CHAPTER 4
Occasion salutes thee, and reaches out her forelock to thee, saying: “Here I am, take hold of me.”
Martin Luther
It was obvious to Alan what had happened. Someone had been hurt. The father or the mother had been hurt, and one of them had rushed the other to the hospital, throwing open all the doors, hurrying out in a panic, leaving the baby behind.
Or perhaps the person who had been hurt had been alone, and had staggered out into the street, looking for help. Perhaps the mother or father was lying unconscious on the sidewalk somewhere right now. Well, it wasn’t Alan’s problem. It was a matter for the police.
His arms were sagging. He laid the heavy baby down on his back in the playpen and handed him the bottle. Could he hold it by himself? He could. He grasped it eagerly and popped the nipple into his mouth. “Good for you, kid,” said Alan, watching with admiration as the milk began to disappear.
He found the telephone on the wall over the desk, next to a bulletin board covered with snapshots. Alan put his hand on the phone, and then paused, entranced.
The pictures were mostly of the baby. Was this the father, this man in uniform holding the newborn child? Navy? Coast Guard? Alan didn’t know one uniform from another. The most appealing picture was a single large photograph of the infant with his mother. It was a black-and-white closeup of their two faces, enlarged almost to life size.
Alan took his hand away from the phone and leaned on the desk, studying the picture, feeling an impulse to climb into its black-and-white world. He had already connected himself to the baby and the apartment, and now he felt attached to the mother as well. Both baby and mother were looking soberly at the camera. Her hair was neither dark nor blond. It hung short and straight, as though cut around the rim of a bowl.
The real live baby in the playpen was whimpering again. Alan guessed what it needed. He had seen it in the movies. He picked up the baby, held it upright against his shoulder and patted its back. The baby belched politely, and Alan put it down again, aware of another surge of fatherly feeling.
He went back to the telephone and dialed 911.
The police officer at the other end of the line didn’t quibble when Alan explained about the abandoned baby and the blood on the floor. He asked a few sharp questions, and then said, “We’ll be right over.”
Alan hung up, feeling like a good citizen who had acted properly in a crisis. He looked again at the picture of the baby’s mother, and wondered what had happened to her. Then he began rummaging among the papers on the desk. Almost at once he found a sad one, a six-month-old newspaper clipping:
NAVY PILOT KILLED IN HELICOPTER ACCIDENT U.S. Naval Reserve Ensign Theodore Hall, 27, of 115 Commonwealth Avenue, Boston, was killed yesterday when a high wind sent his craft against the roof of a hangar at the Naval Air Station in South Weymouth. Hall is survived by his wife Rosalind and infant son Charles.

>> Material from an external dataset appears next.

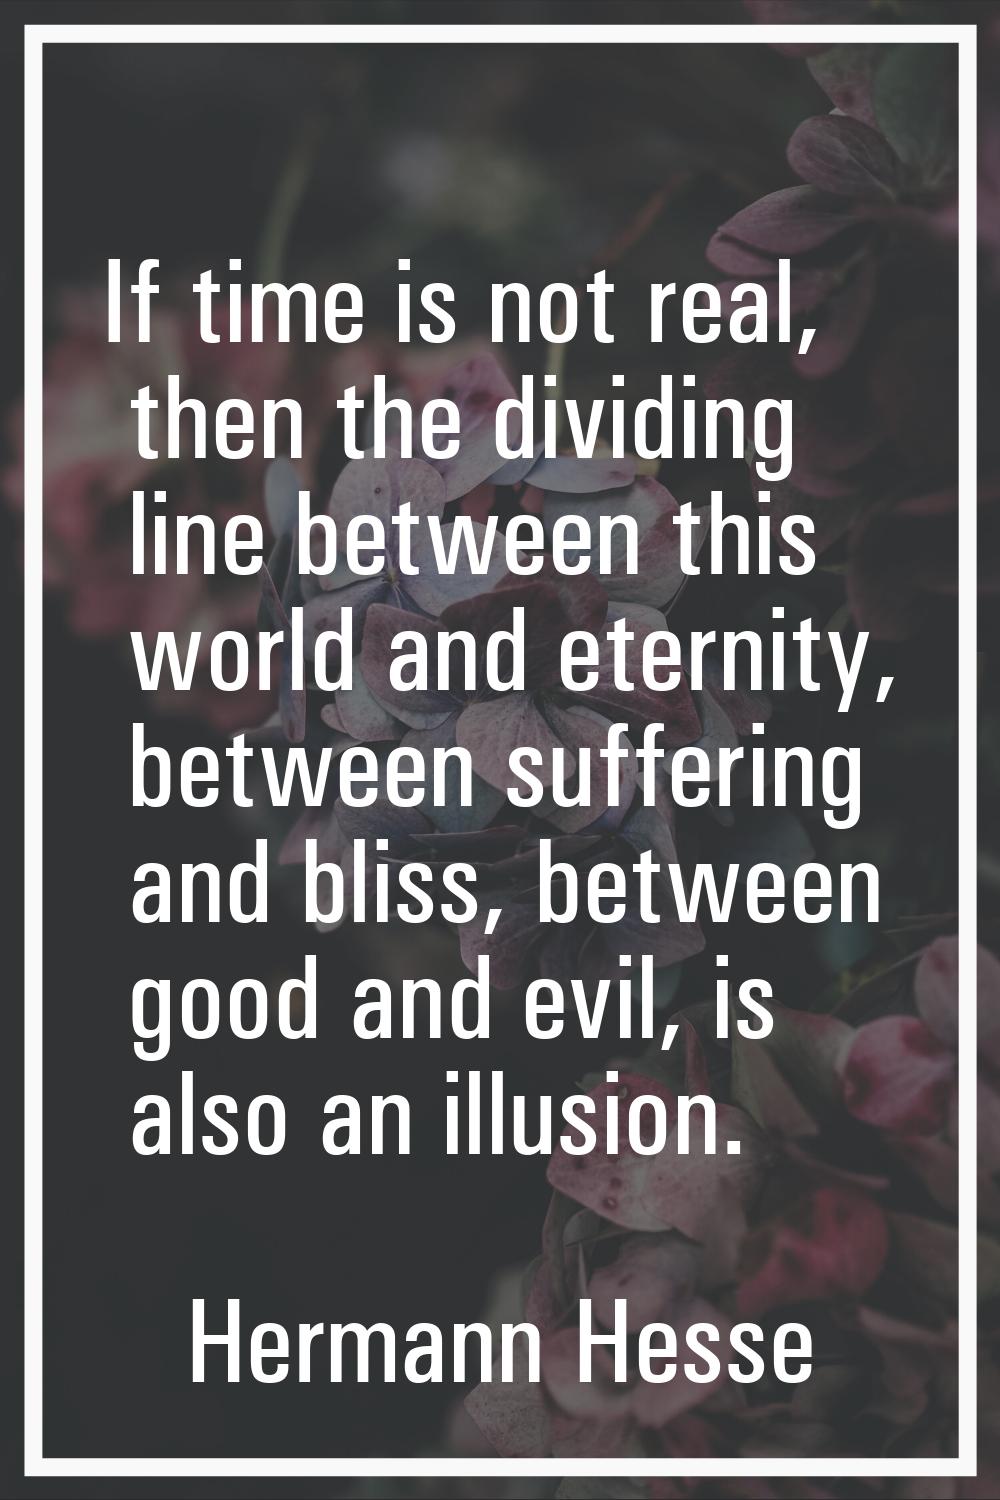 If time is not real, then the dividing line between this world and eternity, between suffering and

Sad. The baby was fatherless, his mother a widow. Really sad.
The baby’s name was Charles Hall. It was too formal a name for a baby. Alan looked again at the picture of the baby with his mother, and said their names aloud, “Charley and Rosalind Hall.”
Rosalind Hall? The name had a familiar ring. Surely Rosalind Hall was a member of the American Guild of Organists. He had seen her name over and over again, in one connection or another. He groaned. Oh, of course, Rosalind Hall was Rosie Hall, Castle’s favorite pupil. You sound envious, Castle had said. Well, you should be. She’s damned good. One couldn’t help suspecting he was in love with the woman, although Alan wasn’t sure Castle preferred women to men. Maybe he did, and maybe he didn’t.
But it was worse than that. Rosie wasn’t just a name on a list, she wasn’t simply a student of Castle’s. She was someone who was always being shoved down Alan’s throat. She was a widow, and her friends were trying to marry her off. People were always telling him, “Oh, you’ve got to meet Rosie Hall.” His sister Betsy was the worst. She had been to boarding school with Rosie, she was always talking about her. Once she had even arranged a date for the two of them, but at the last minute Rosie had called Betsy to say she was sick, and Alan had told Betsy the hell with it, and that had been that. He was sick of hearing the woman’s name.
A siren sounded from the street. The high whine spiralled down and stopped. The police cruiser was pulling up outside.
Swiftly, his curiosity still unsatisfied, Alan opened the desk drawer and groped inside it. His fingers closed on a key. It had a tag, #115 Rear. Pulling the drawer farther open, he found a small notebook, and flipped the pages. It was full of musical scribblings.
The doorbell rang. Without thinking, Alan pocketed the key and deposited the notebook in one of the zippered compartments of his down jacket.
Then he went to the door and flung it open.